In addition to the imageId capability property (or config on a location), which is a good reusable way to define an image, this can be overridden on a Compute node using an artifact. The create operation on the Standard interface can specify as its implementation primary artifact a tosca.artifacts.Deployment.Image.VM type whose file name is taken as the template name (in VMware) or image ID (in clouds). This will override an imageId specified in a capability or on the location definition. For example, with an artifact my-image defined as:

type: tosca.artifacts.Deployment.Image.VM
file: my-template

The following can be deployed to use the template/image my-template:

topology_template:
  node_templates:
    host:
      type: tosca.nodes.Compute
      interfaces:
        Standard:
          operations:
            create: my-image

Or, if it is a one-off image and the artifact definition is being skipped, the create line above can be replaced with:

            create:
              implementation:
                primary:
                  type: tosca.artifacts.Deployment.Image.VM
                  file: template-installed-in-vsphere

Software Component Node

The tosca.nodes.SoftwareComponent node type is straightforward to use.

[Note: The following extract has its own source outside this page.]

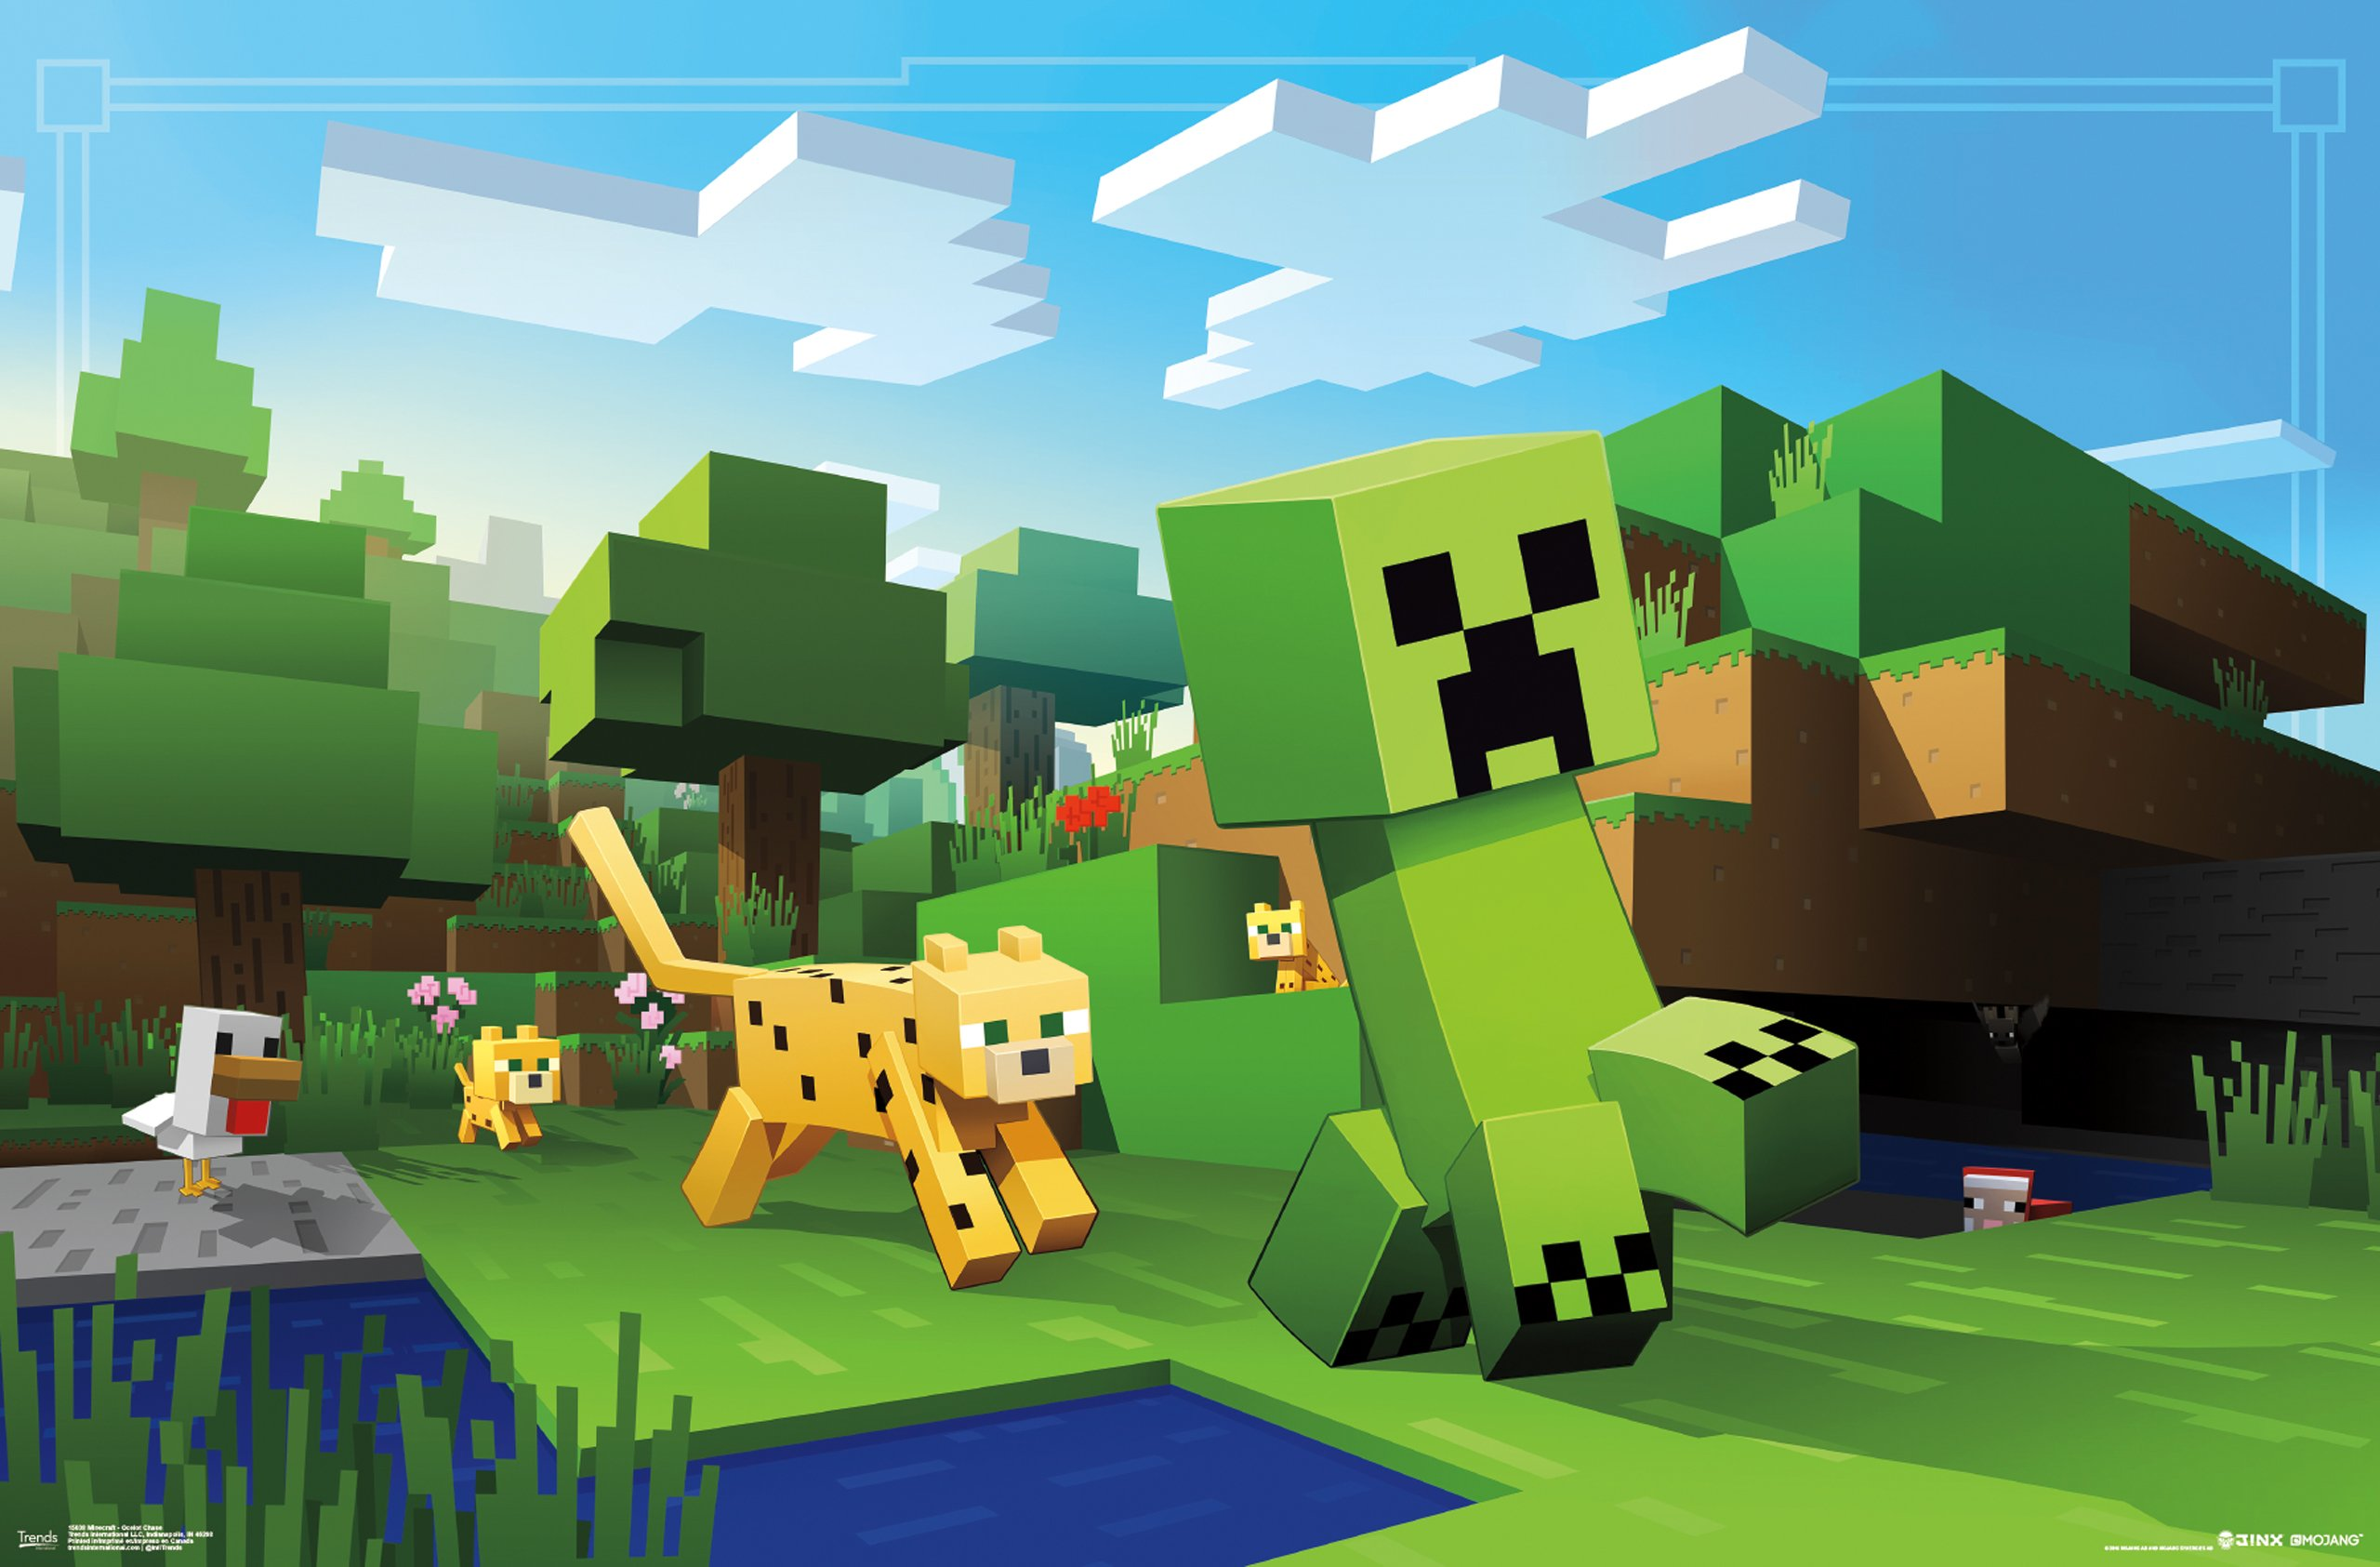 Vinilo Decorativo Pared [1k8ickcy] Minecraft
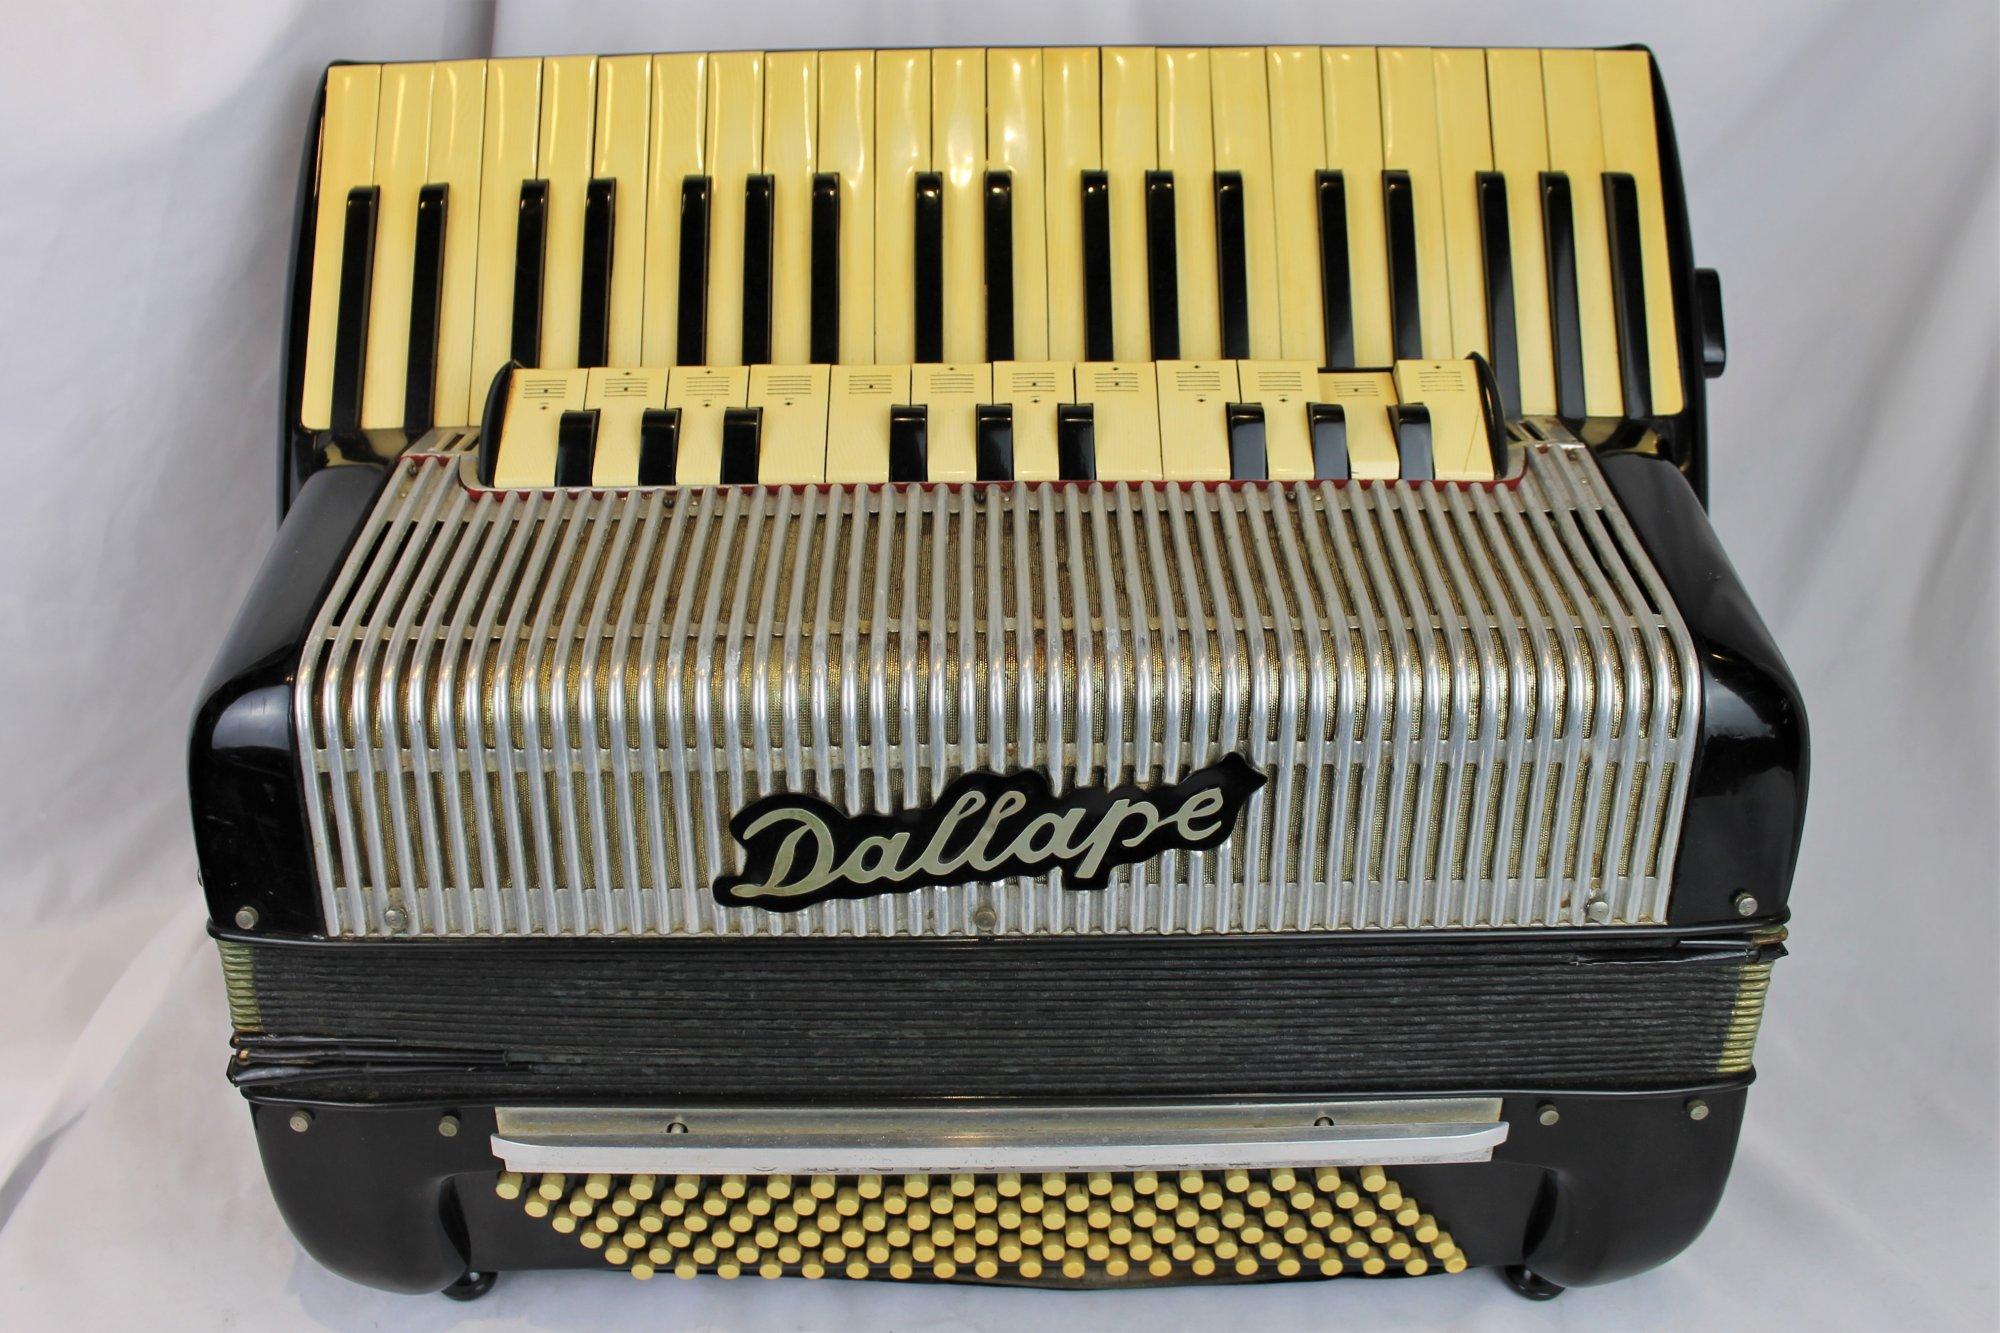 4632 - Black Dallape Organtone Piano Accordion LMH 41 120 - For Parts or Repair

Typically, as shown in the examples, it has a host relationship to a tosca.nodes.Compute node, and defines operations according to the tosca.interfaces.node.lifecycle.Standard lifecycle interface (create, configure, start; stop; delete) and tosca.interfaces.relationship.Configure interfaces on relationships ({pre,post}configure{source,target}`, as described below.

Interfaces can define and extend operations using the operation and artifact types as defined in the following section.

Host Requirement

As per the TOSCA spec, a host requirement can be supplied pointing at a Compute node.

As an extension for convenience, if a software component is defined without a host specified, a host will automatically be created according to the default tosca.default.location setting. This can greatly reduce the size of blueprints in many cases, without impacting users who wish to define hosts or define custom requirements.

As a further convenience, the capabilities used for provisioning a Compute node can also be specified on a Software Component node. This applies whether the host requirement is explicit or the implicit convenience is used. In the case of RAM, disk size, and ports, the largest value is used. In other cases it is an error if incompatible (different) values are used.

Collection Node

The brooklyn.tosca.nodes.Collection derived from tosca.nodes.Root and is a logical node which groups other nodes for lifecycle (start/stop) and management (enrichers) purposes; it has no behavior other than grouping children.

Interfaces and Operations

The tosca.interfaces.node.lifecycle.Standard lifecycle interface is the primary way that node behavior is configured: create, configure, start; stop; delete. In addition the tosca.interfaces.relationship.Configure interfaces on relationships ({pre,post}_configure_{source,target} allows nodes with relationships to get additional configuration steps. (The other relationship operations, triggered on changes, are not supported because of ambiguity in making changes.)

These are supported on most nodes, including SoftwareComponent and Compute (with the create step of Compute extended to actually create a VM).

Standard Lifecycle - Basic Details

When a TOSCA blueprint is deployed all components declared under topology_template are created in parallel, but if dependencies are declared via relationships or TOSCA DSL functions, the process of creating pauses until the dependency is available. The node lifecycle in AMP includes the creation phases declared in TOSCA by the tosca.interfaces.node.lifecycle.Standard interface.

Three high-level effectors describe the AMP standard lifecycle. Its steps correspond to TOSCA tosca.interfaces.node.lifecycle.Standard interface’s operations as explained below:

  • Start: wraps tosca.interfaces.node.lifecycle.Standard.{create,configure,start}, waiting on dependencies, updating service sensors, and if the check_running extension is enabled (recommended), confirming the service is running before completing
  • Stop: wraps tosca.interfaces.node.lifecycle.Standard.stop, waiting on dependents (depending on the StopDeleteBehavior extension) and updating service sensors
  • Delete: wraps tosca.interfaces.node.lifecycle.Standard.delete, waiting on dependents (depending on the StopDeleteBehavior extension) and updating service sensors

These high-level effectors should normally be used by operators, as the behaviour of the low-level lifecycle.Standard operations on their own can be unintuitive.

The mapping between the AMP effectors and TOSCA Standard operations is depicted in the image below.

AMP Effectors - Standard operations mapping

Note: deleted is not a state, it is just an abstract way of ending the transition. It represents the fact that the node managed by AMP no longer exists.

Relationship Lifecycle

The TOSCA Specification defines a set of operations for a relationship type though the tosca.interfaces.relationship.Configure interface. The list of available operations is depicted below:

  • pre_configure_source
  • pre_configure_target
  • post_configure_source
  • post_configure_target
  • add_target
  • add_source
  • target_changed
  • source_changed (mentioned once in the official TOSCA documentation)
  • remove_target
  • remove_source (mentioned once in the official TOSCA documentation)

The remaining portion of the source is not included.